Stankey didn’t talk about AT&T’s spectrum position. The FCC’s C-band auction of 3.7-3.98 GHz spectrum kicked off today and qualified bidders, which include AT&T, are prohibited from discussing it per FCC rules. But analysts are still questioning where AT&T is going to get the funds to compete against Verizon and to some extent, T-Mobile and Dish Network, when it comes to the C-band.

In a note today, analysts at MoffettNathanson once again questioned where AT&T is going to get the cash. They also noted that if AT&T doesn’t acquire a competitive block of mid-band spectrum, its 5G position could be compromised for a generation.

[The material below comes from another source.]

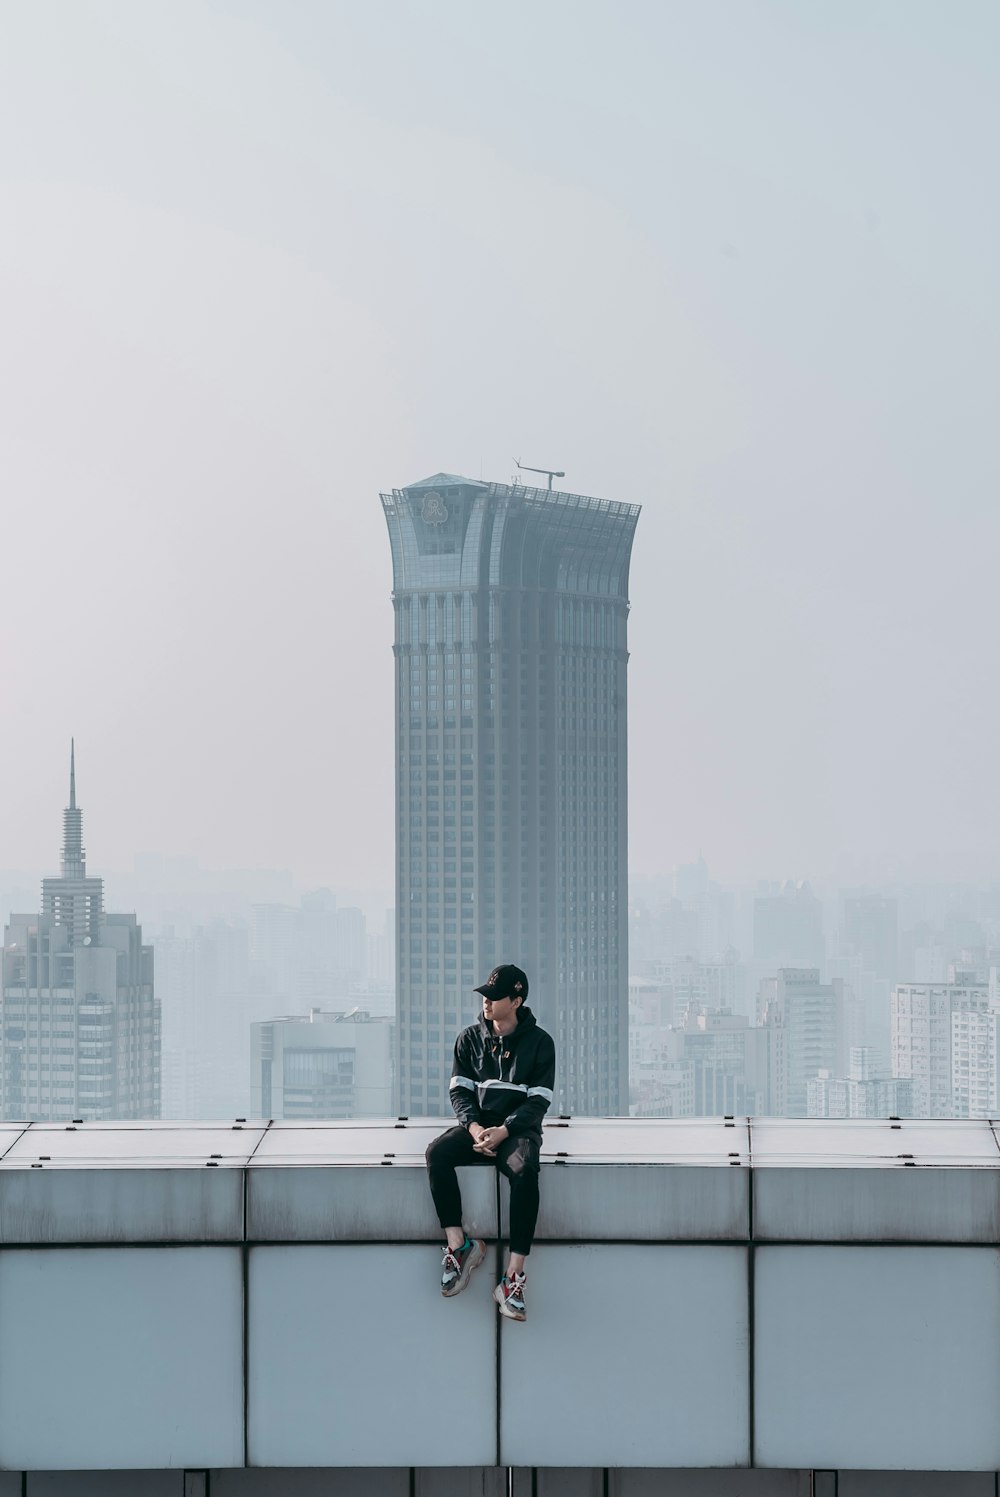 man in black coat sitting on concrete fence near concrete building
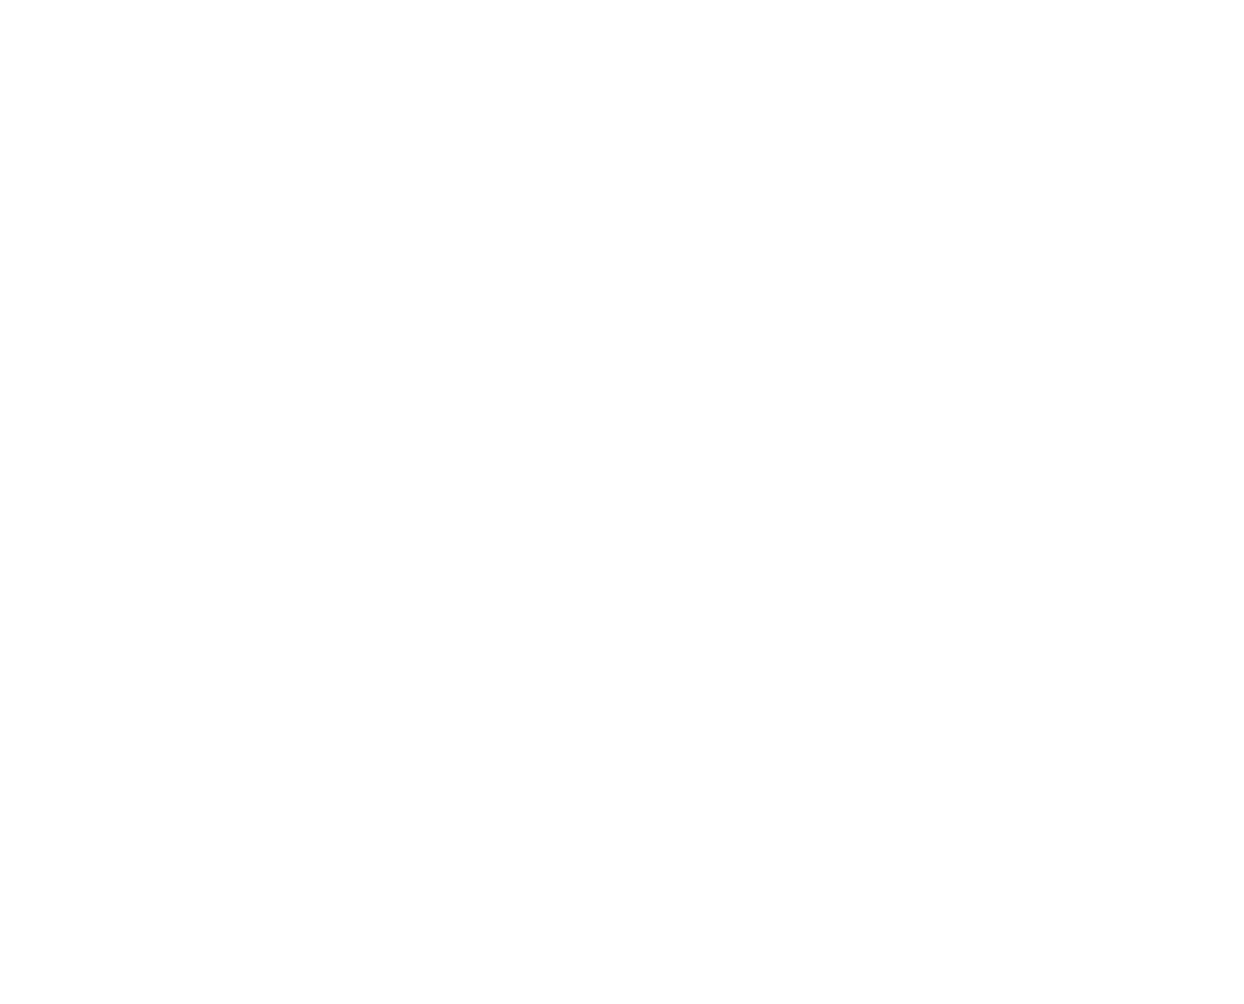 TGP Ventures

“Without something comparable to what T-Mobile has, and Verizon almost certainly will have, AT&T risks losing competitive relevance,” wrote analyst Craig Moffett. “For what it’s worth, their current advertising boasts 'America’s fastest 5G network.' But at our 5G Road to Revolution Summit on November 12th, we were struck by the fact that Verizon largely cast its strategy in terms of competing with T-Mobile, and T-Mobile cast theirs in terms of competing with Verizon. AT&T’s name barely came up. Given the financial constraints on AT&T, we don’t have anything in our AT&T model for C-Band outlays. But we’re admittedly uncertain of what they will do.”